From: aelarsen@facstaff.wisc.edu
Date: Fri 04 Feb 2000 - 17:08:24 EET
>From: "Robert Stancliff" <stancliff@ccgnv.net>
>>Gian wrote: I wonder where the vengeance stops
> Hmm, generally it stops when you kill them (at last they're dead),
>the cost
>get's too high (we just can't kill them), or the grieving starts to end (the
>scum have left, but if they return, we'll make them pay). Only the rich or
>fixated will have someone tracked down.
> If the fight was fair, war and death cults might be more likely to
>accept
>compensation and atonement, since they already accept the inevitability of
>death (obvious exception: Zorak Zoran). If it was cold blooded murder, then
>they are outlawed and anyone who wants a shot at them can try.
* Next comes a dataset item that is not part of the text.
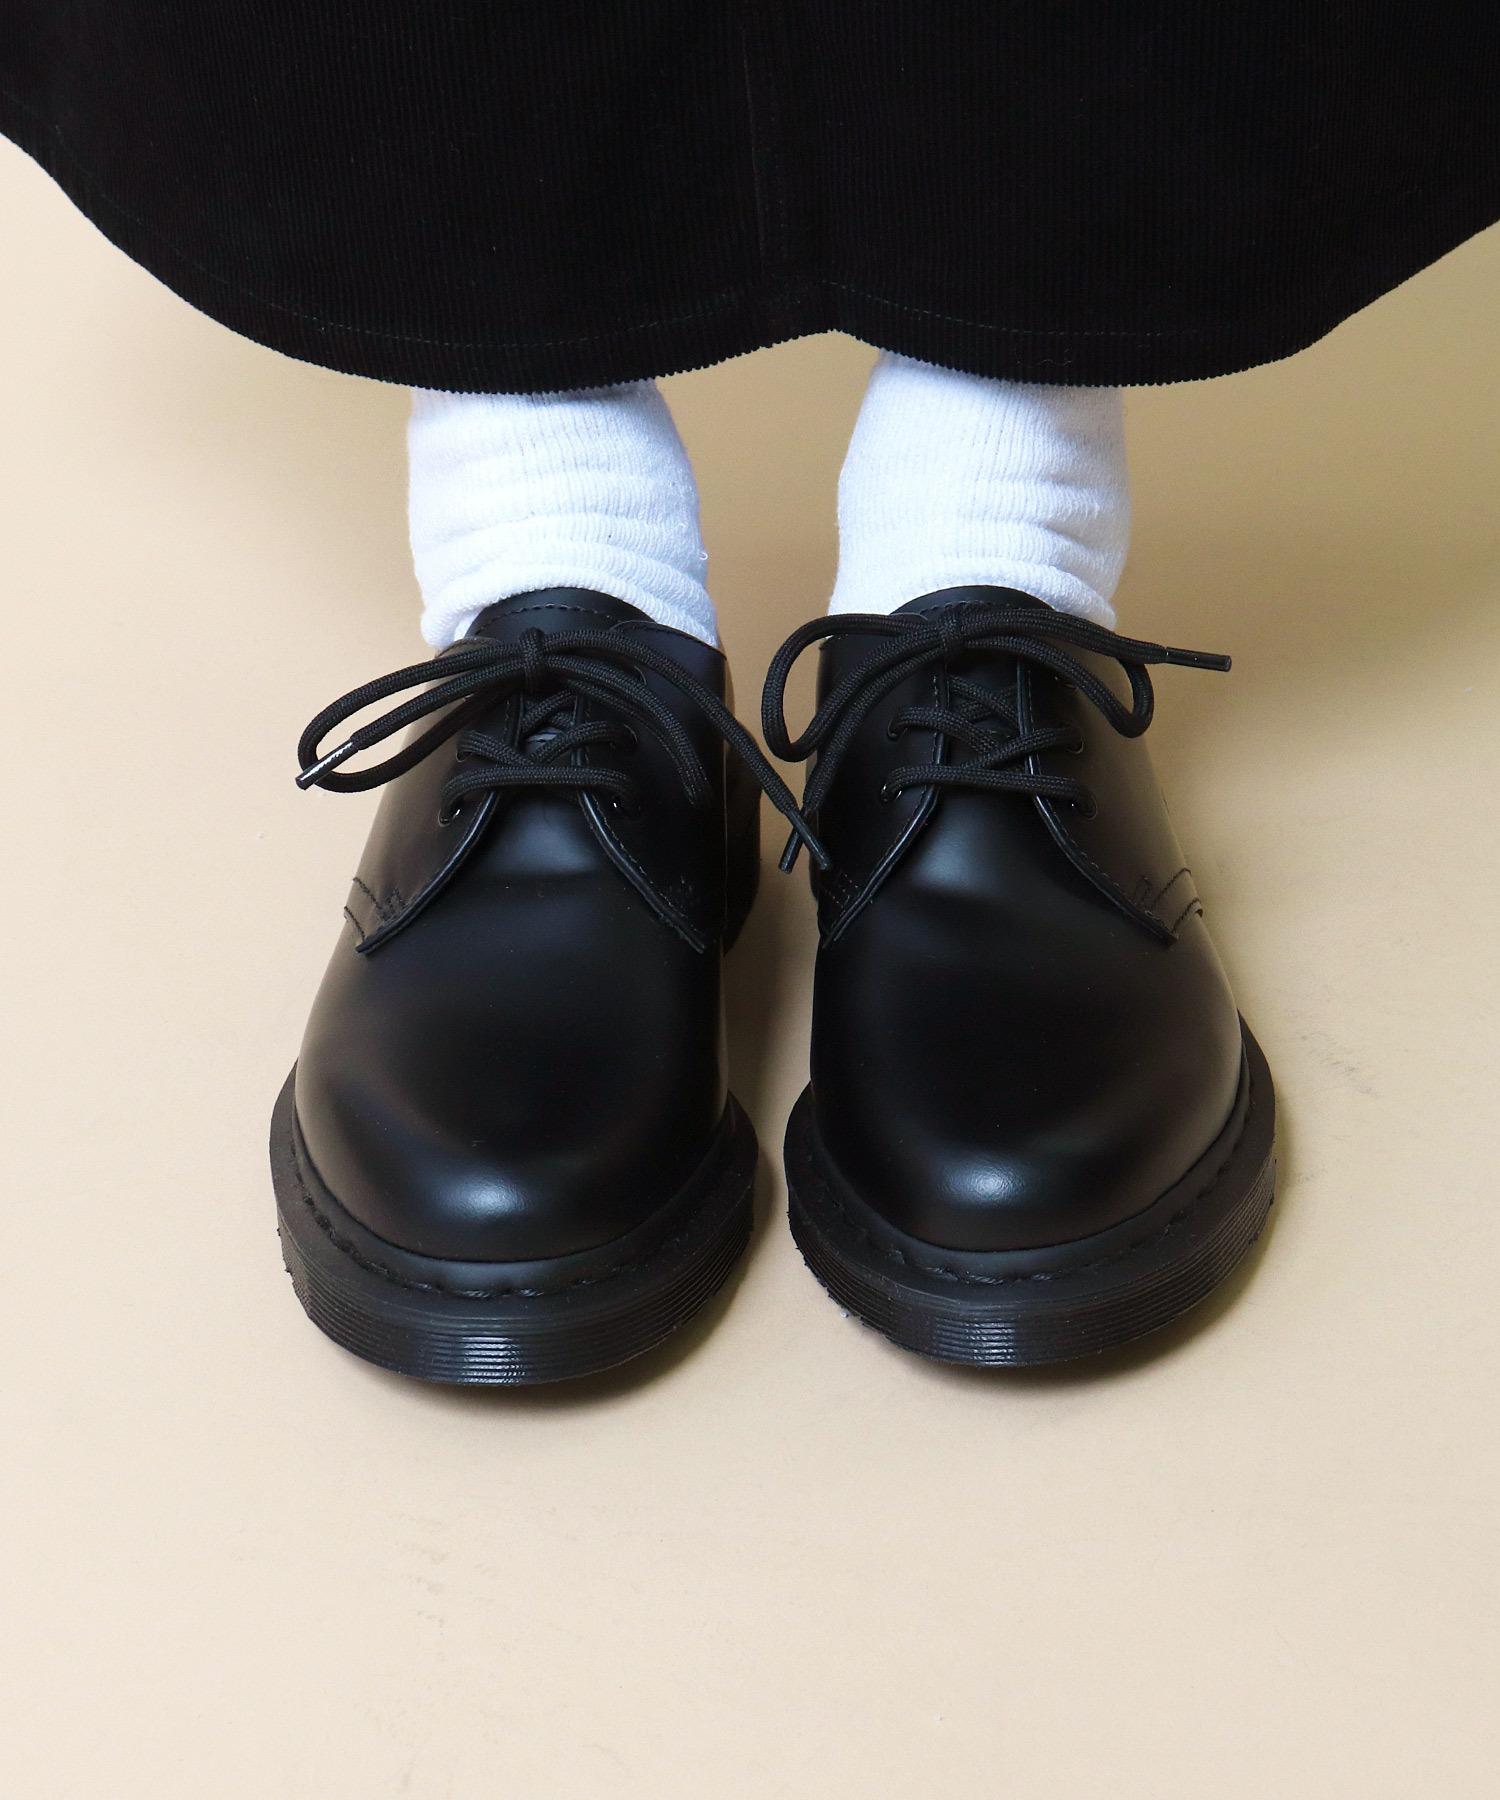 【Dr.Martens / ドクターマーチン】1461 MONO 3EYE SHOE モノトーン 3アイレット シューズ レザーシューズ 革靴 短靴 14345001
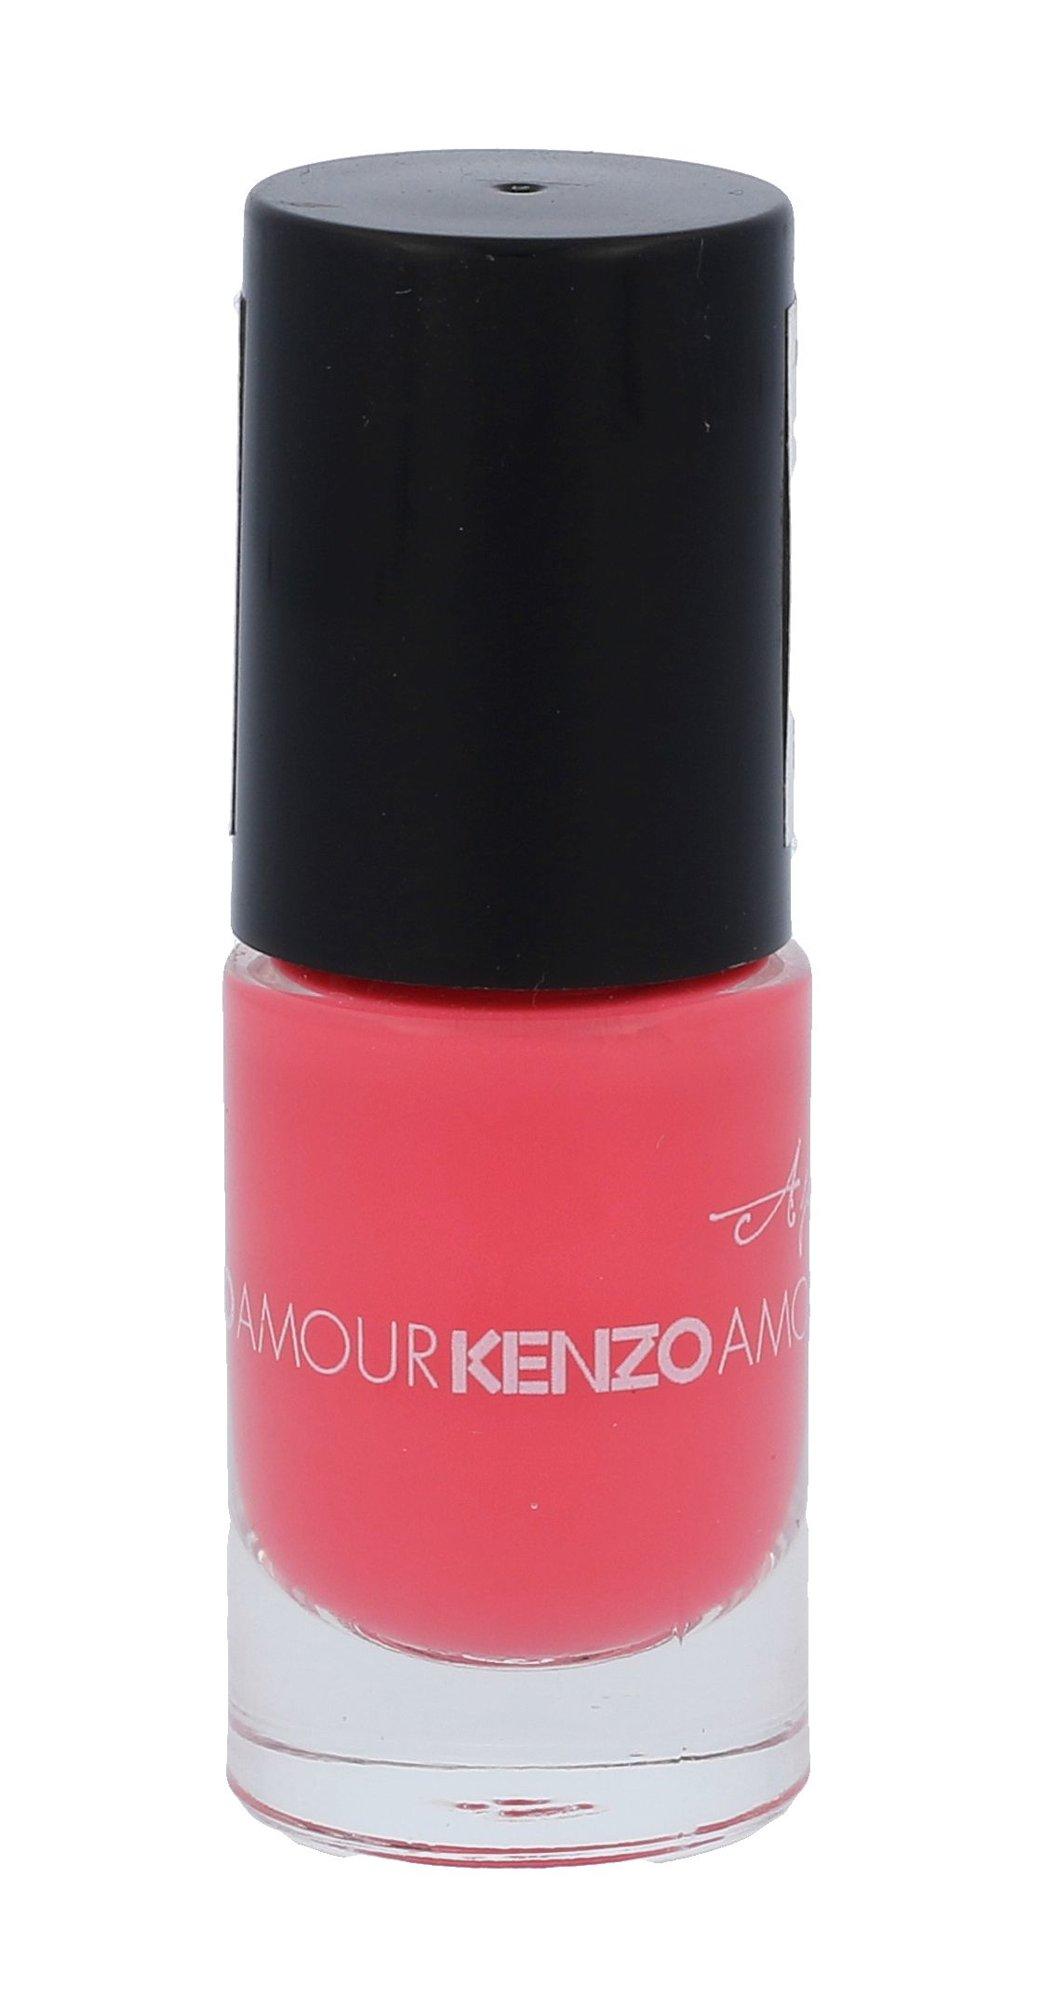 KENZO Kenzo Amour Cosmetic 5ml Hibiscus Coral

This makes
>for a lot of combat episodes as they are ambushed by steadily larger forces
>every three or four episodes.
Gian's question hits at the chief flaw of the wergeld/vengeance
legal system. It has a hard time actually putting an end to this sort of
thing, because it's slanted heavily in favor of those with money and social
status. It's part of the reason that all the medieval cultures that
employed this system eventually abandoned it in favor of the idea that a
crime against a person is actually a crime against the state. Then it
becomes the responsibility of the state, not the victim's family, to punish
the criminal, and in theory even the wealthiest members of society aren't
strong enough to hold off the whole government. This weakness of the
system would make an excellent theme for an Orlanthi campaign.